Making it simple and cost-effective using cloud computing
Twitter is yet another example for a situation in which system load is highly variable and the difference between average load and peak load can be quite significant. In such cases, provisioning our system can be fairly hard and costly. This is where cloud computing and SLA-driven deployments can help us scale on demand and pay only for what we use.
Once we figured out a way to partition the application, it’s going to be much simpler to package the application into self-sufficient units (referred to in GigaSpaces as processing-units) and scale the application simply by adding or removing these units on demand. You can learn more about this here
Scaling a real-time web application such as Twitter or Facebook introduces unique challenges that are are quite different from those of a “classic” database-centric application. The most profound difference is the fact that unlike with traditional sites, Twitter is a heavy read/write application, and not read-mostly. This seemingly minor difference can break most existing models for web application scalability. Using a combination of memcached + MySQL is not going to cut it for this type of application.

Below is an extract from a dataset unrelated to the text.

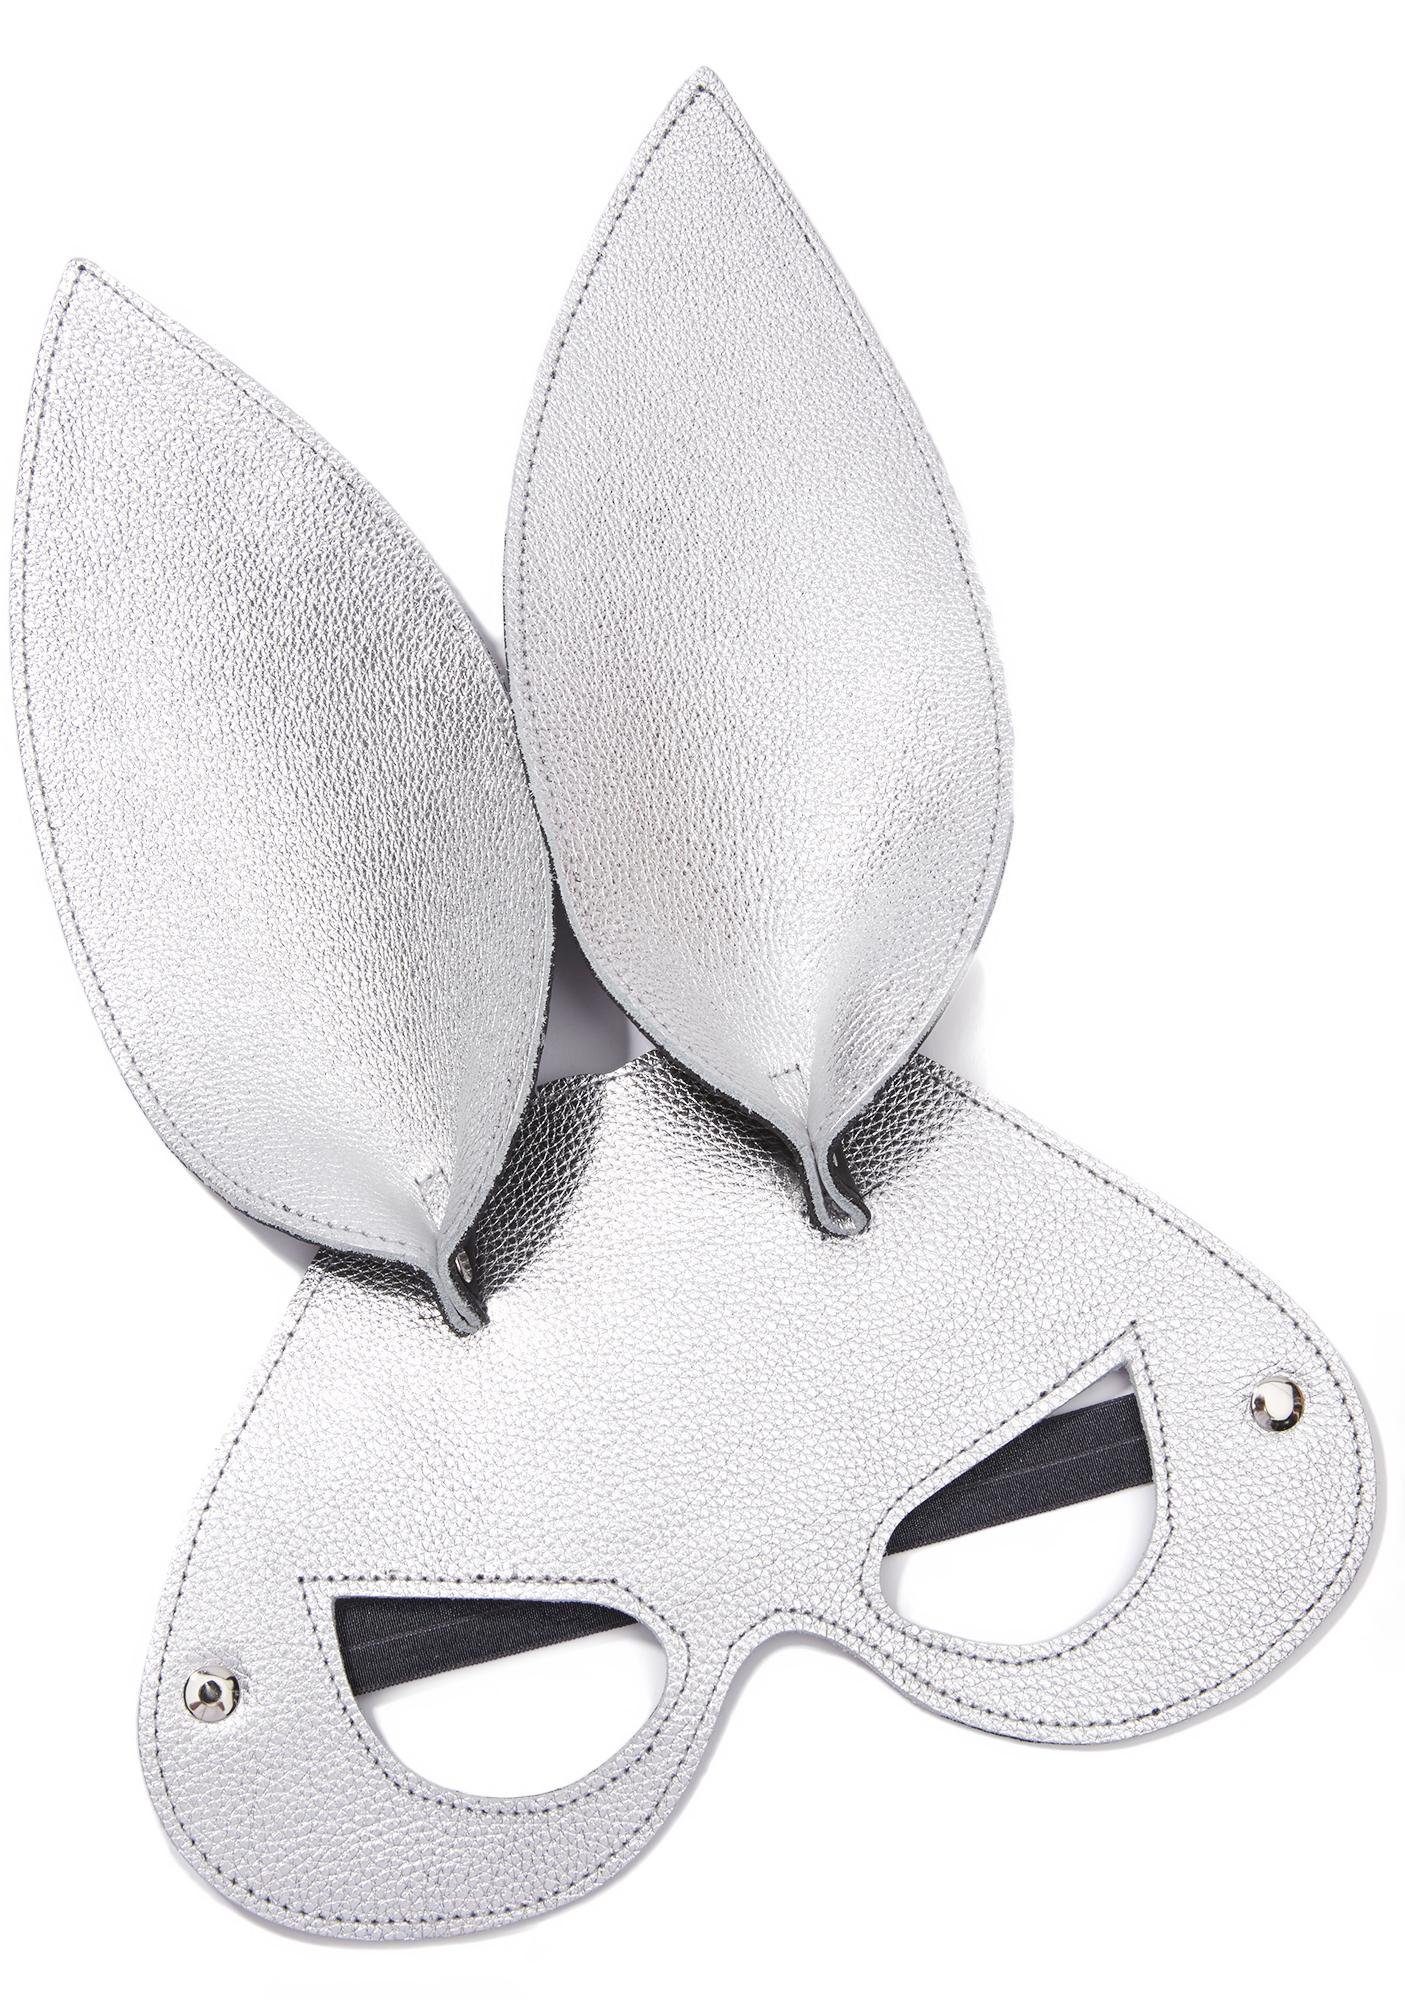 Masquer-Babe Bunny Mask

The good news is that with the right patterns and set of tools, building a scalable architecture that meets such challenges isn’t that difficult. There are already plenty of success stories that demonstrate that, such as the following example from highscalability.com: Handle 1 Billion Events Per Day Using a Memory Grid
The proposed architecture is by no means perfect and can be further optimized to meet even better performance and latency, but that will come at the cost of simplicity. I believe that the proposed architecture should get you pretty far as-is. Avoid going through more advanced optimizations until the point they are an absolute must.